DATA FOR PROCESSING »
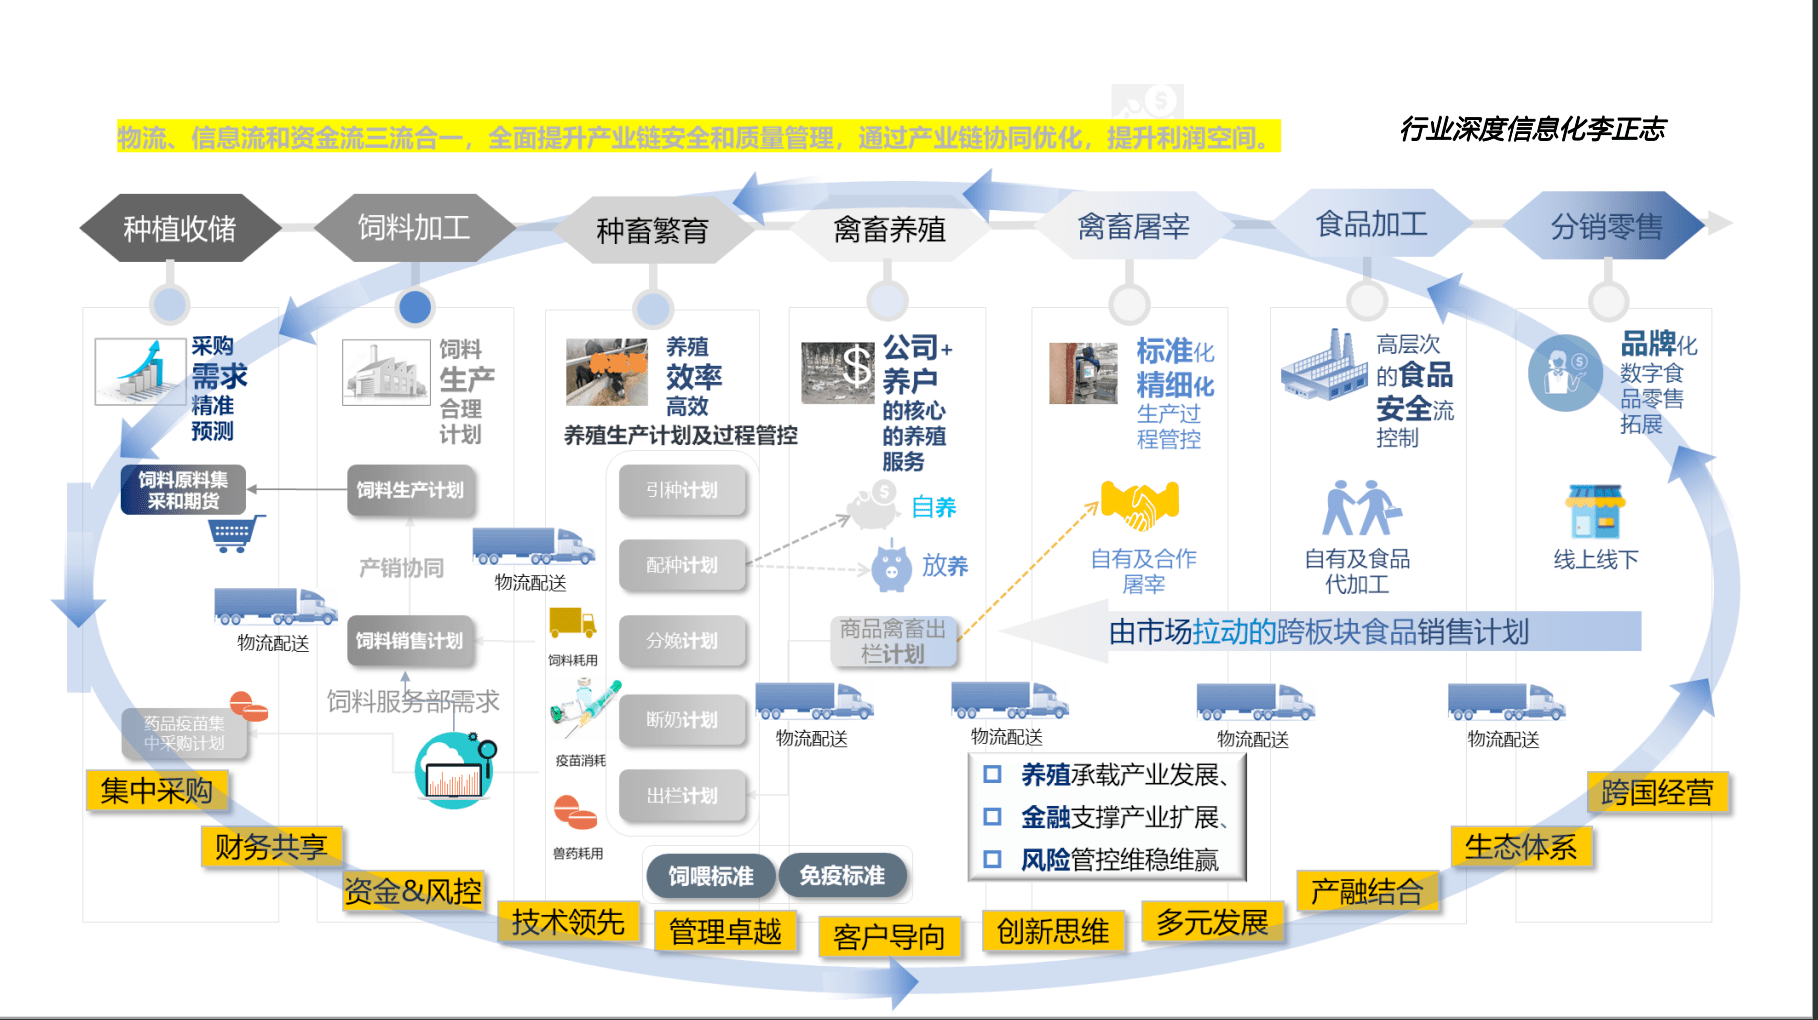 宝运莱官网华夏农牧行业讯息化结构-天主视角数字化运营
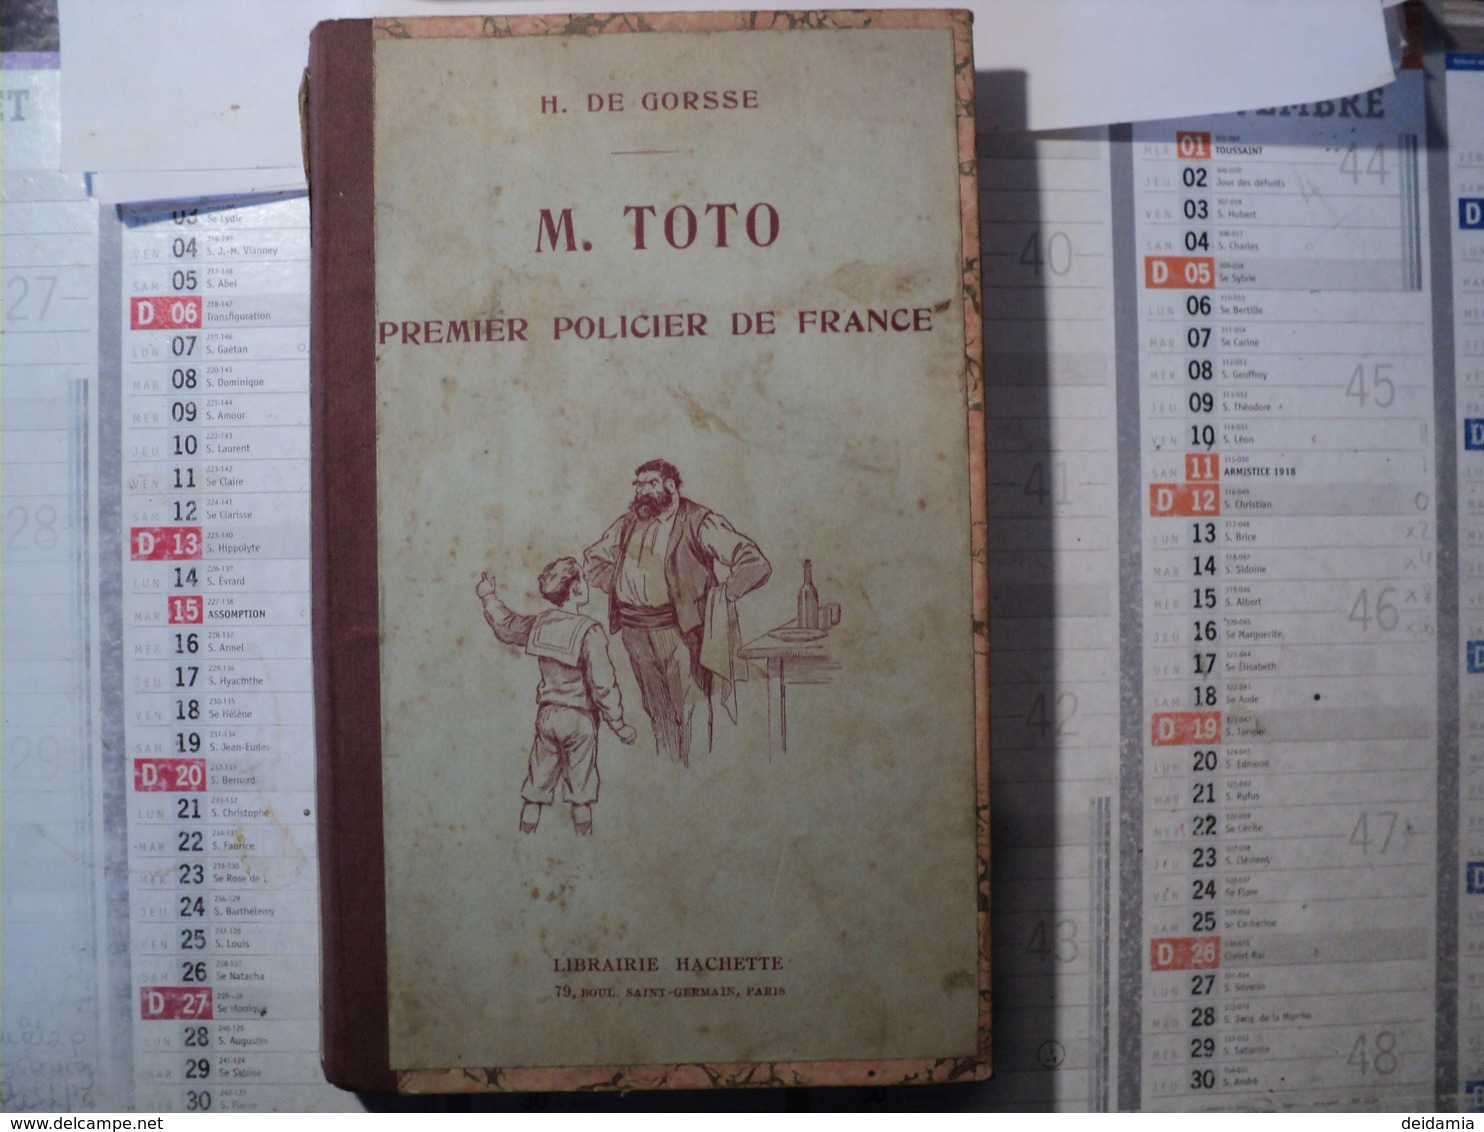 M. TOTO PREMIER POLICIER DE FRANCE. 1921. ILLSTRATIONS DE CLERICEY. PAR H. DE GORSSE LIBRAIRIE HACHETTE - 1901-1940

---

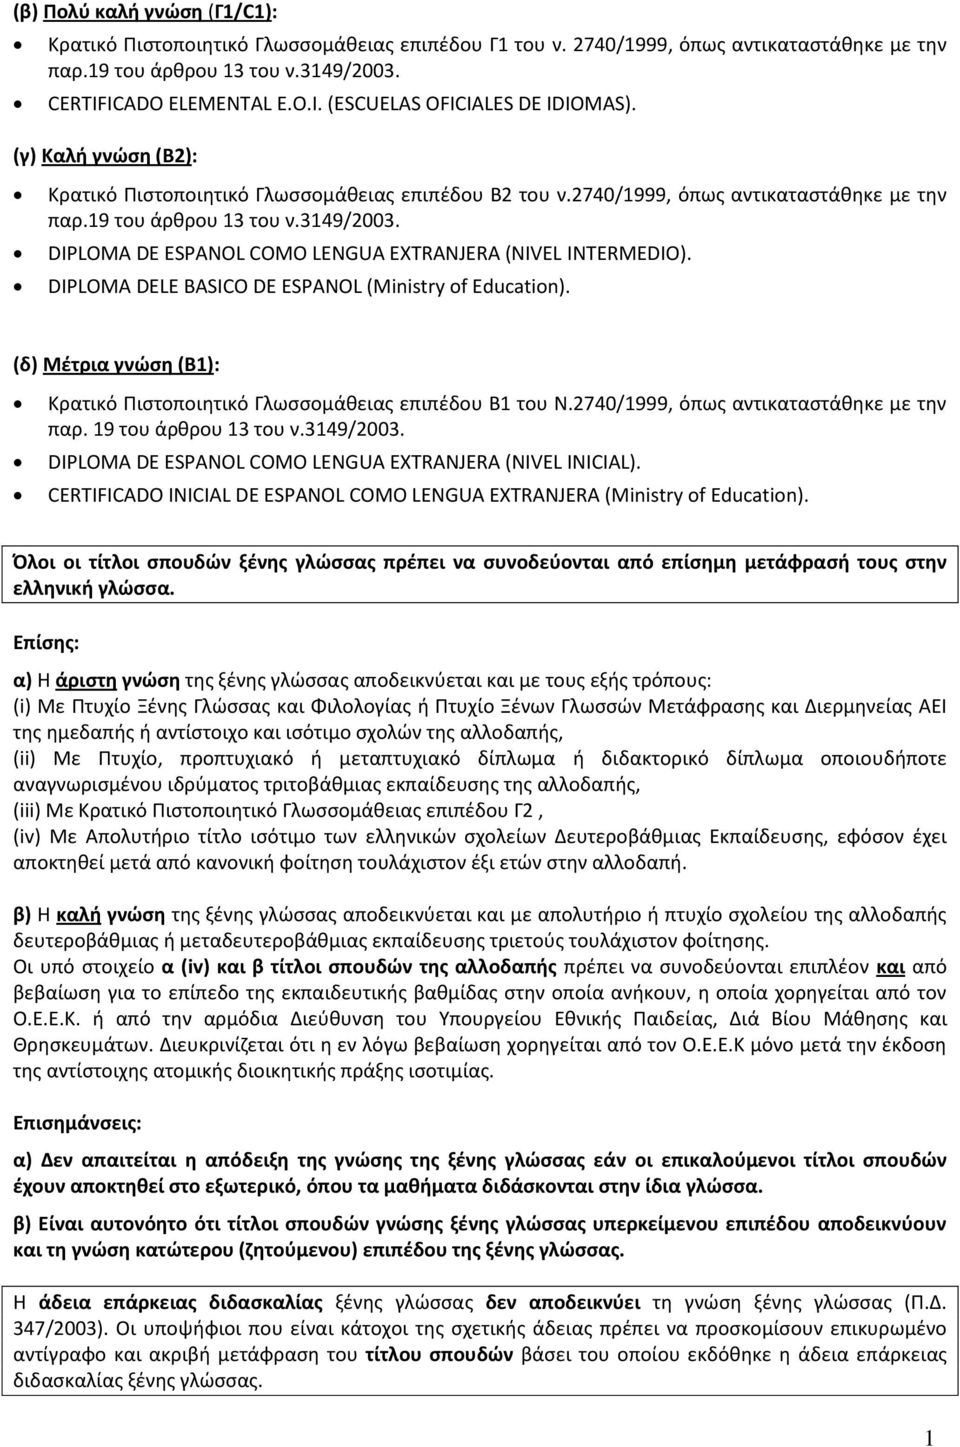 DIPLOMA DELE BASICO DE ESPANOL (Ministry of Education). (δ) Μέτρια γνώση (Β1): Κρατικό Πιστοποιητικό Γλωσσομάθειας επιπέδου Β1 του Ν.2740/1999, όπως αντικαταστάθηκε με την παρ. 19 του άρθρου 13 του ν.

EXERCISE »
Within the listing above, extract exactly the lines that run from the one containing "宝运莱官网华夏农牧行业讯息化结构-天主视角数字化运营" through the one containing "M. TOTO PREMIER", excluding any pictures.

SOLUTION FOR THIS TASK »
 宝运莱官网华夏农牧行业讯息化结构-天主视角数字化运营
 M. TOTO PREMIER POLICIER DE FRANCE. 1921. ILLSTRATIONS DE CLERICEY. PAR H. DE GORSSE LIBRAIRIE HACHETTE - 1901-1940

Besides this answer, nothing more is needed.